Questo permette di lasciare agli stati membri il compito effettivo di disciplinarla secondo le peculiarità del proprio sistema. Il tema principale che rientra in questa categoria è quello della contrattazione collettiva in cui si è affermato il principio della liberà sindacale e della contrattazione collettiva, quindi il principio per cui tutti gli stati europei devono garantire ai singoli e alle organizzazioni libertà di costituzione e organizzazione.

Quindi è possibile costruire, aderire o non aderire a un’organizzazione sindacale; così come deve poter svolgere attività di proselitismo e promozione all’associazione sindacale alla quale aderisce. Si tratta di un affermazione che vale per tutti i paesi membri e che è contenuta nella carta dei diritti fondamentali; ad ogni modo oltre non si è andato quindi ad esempio non si è sceso sul tipo di organizzazione sindacale che possa stipulare un contratto collettivo, sulle rappresentanza in azienda, le modalità di costruzione delle associazioni sindacali, e così via.
Pertanto questi aspetti sono lasciati alla discrezionalità degli stati membri; pertanto in alcuni stati membri la contrattazione collettiva è efficace solo per soggetti aderenti alle organizzazioni sindacali stipulanti, oppure ci sono altri modelli che considerano erga omnes queste stipulazioni, e quindi valenti per l’intero cerchio dei soggetti di quell’ambito.
Ad ogni modo ciò non significa che l’unione europea non si sia occupata sui soggetti collettivi, ma al contrario essa è intervenuta in diversi ambiti, ad esempio ponendo ad esempio a carico delle imprese di dimensioni europee obblighi di formalità comunicativa a favore di soggetti sindacali europei o nazionali.
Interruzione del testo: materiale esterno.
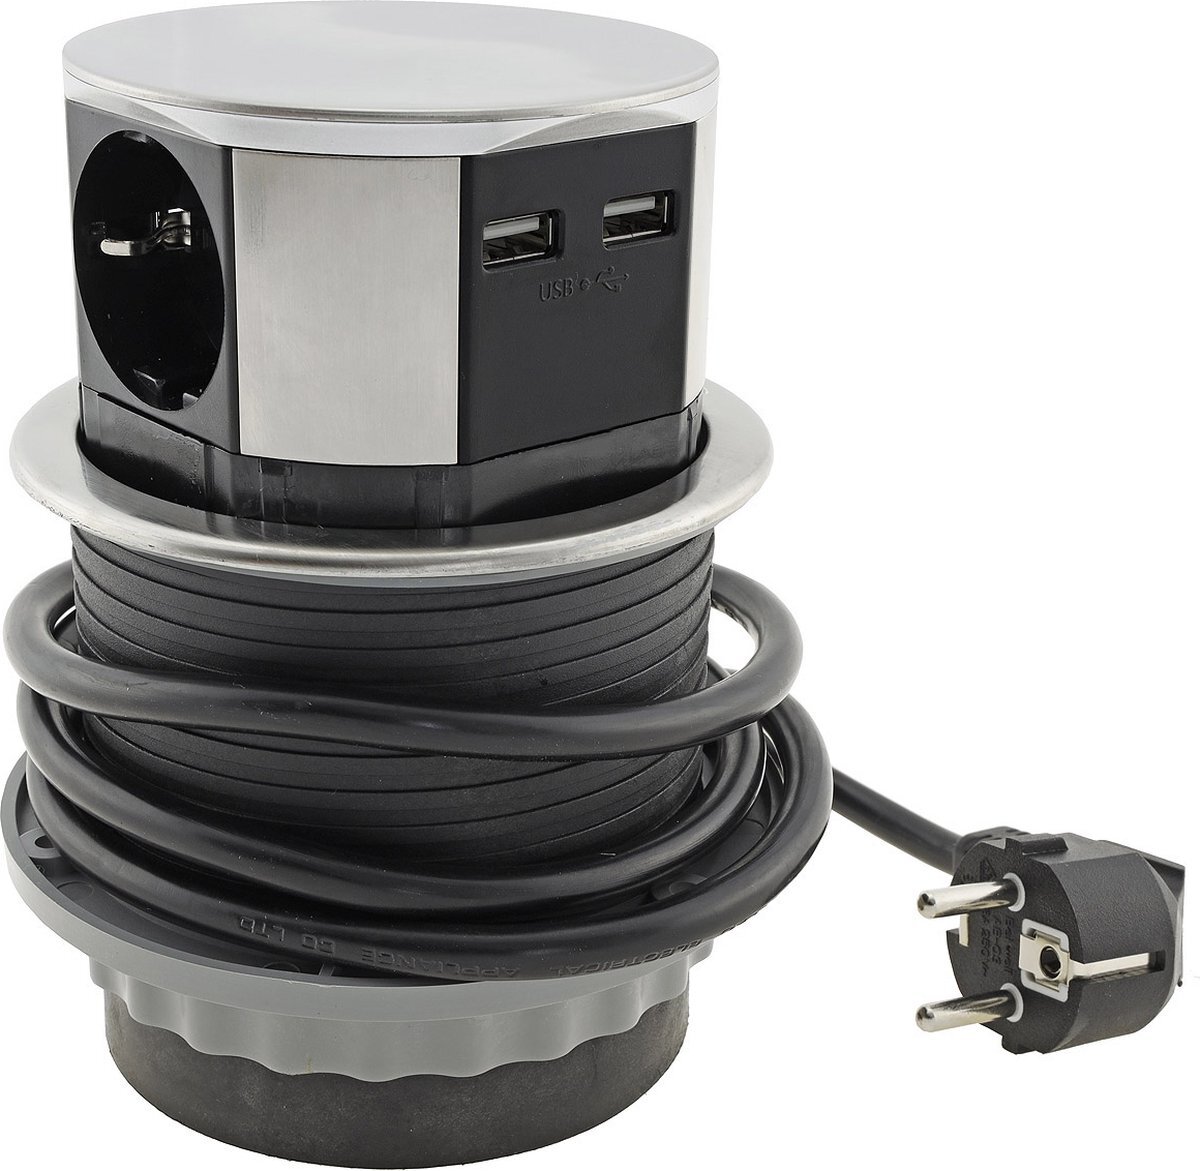 DESIGN LIGHT Verticale Stekkerdoos met USB - Pop up stekkerblok met 3 stopcontacten en 2 USB - Ø 100mm Inbouw Verdeelstekker met 1.4 meter kabel - Stekkerblok voor max. 3600 Watt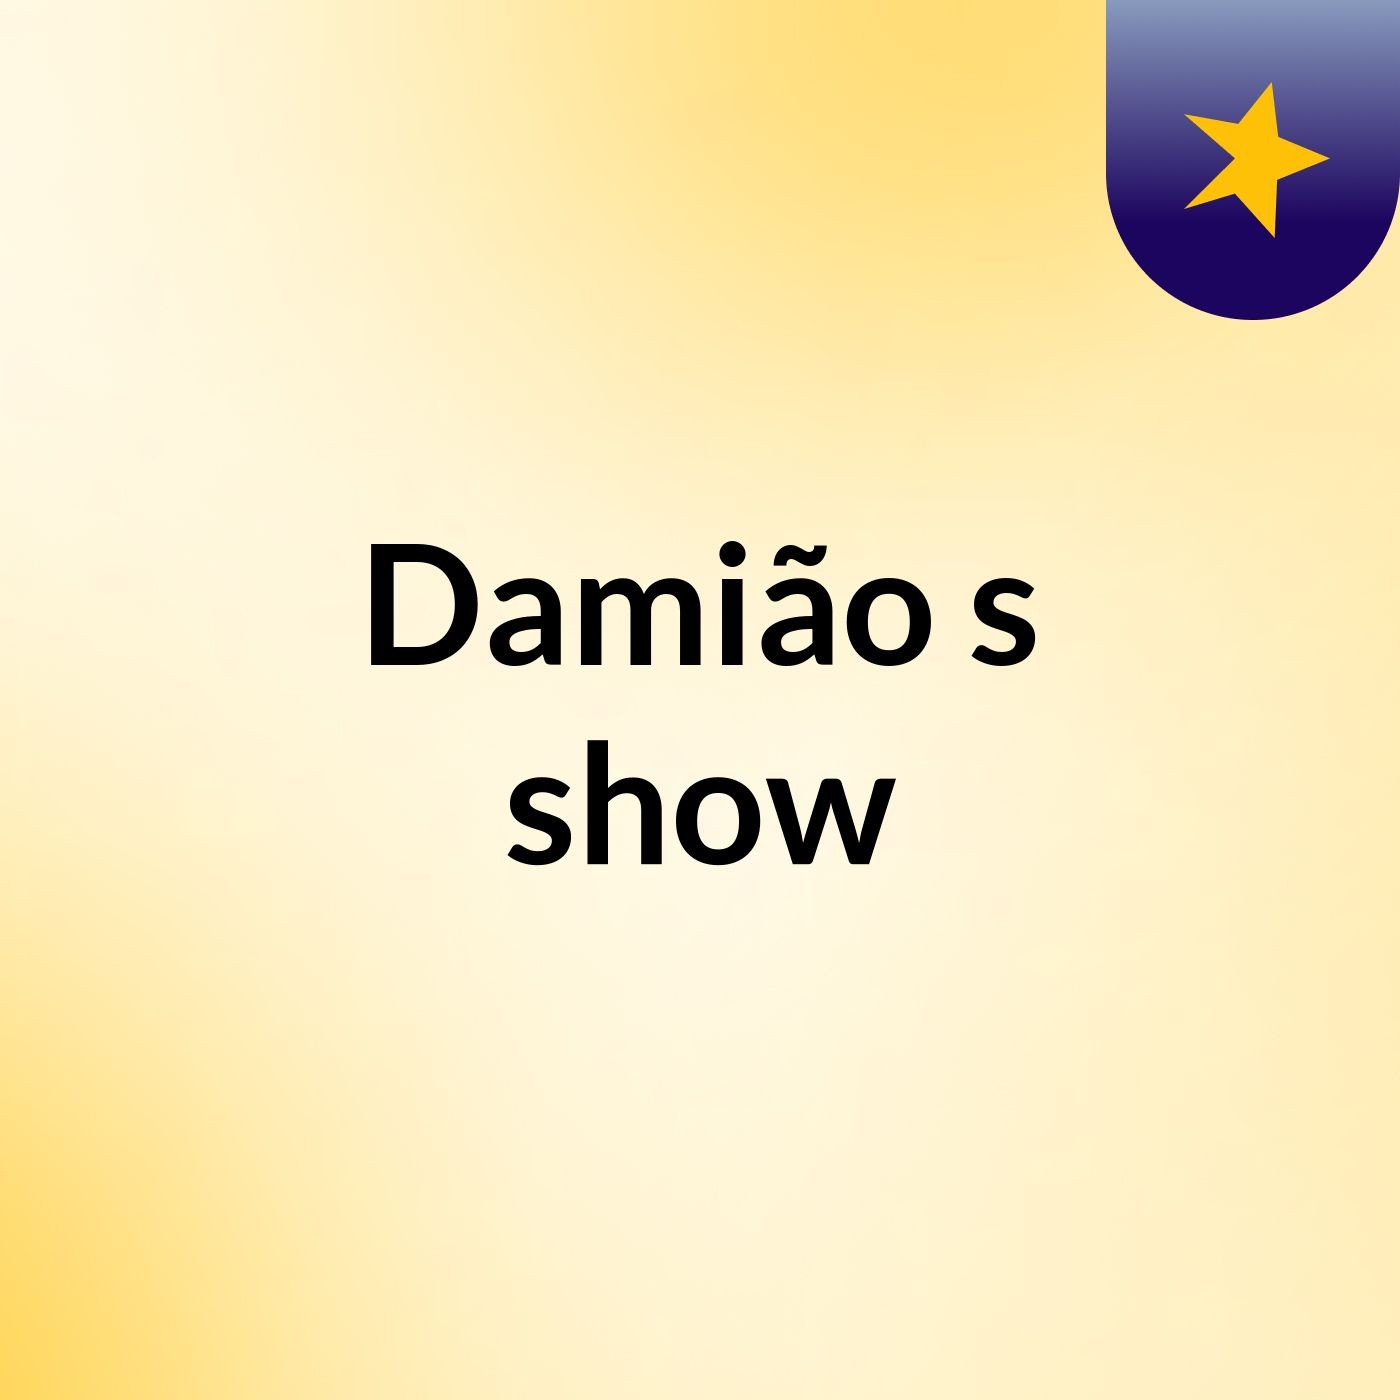 Damião's show

Vi è infine una quarta categoria di ambiti in cui l’unione europea non può intervenire: sciopero e retribuzioni, dove l’Ue non ha competenza legislativa comunitaria.
La definizione ad esempio del minimo salariale è una materia di materia statale: il minimo imposto per cui i datori di lavoro devono comunque garantire, non oggetto di libera contrattazione tra le parti, o meglio le parti possono contrattare sopra il salario minimo ma non possono scendere al di sotto.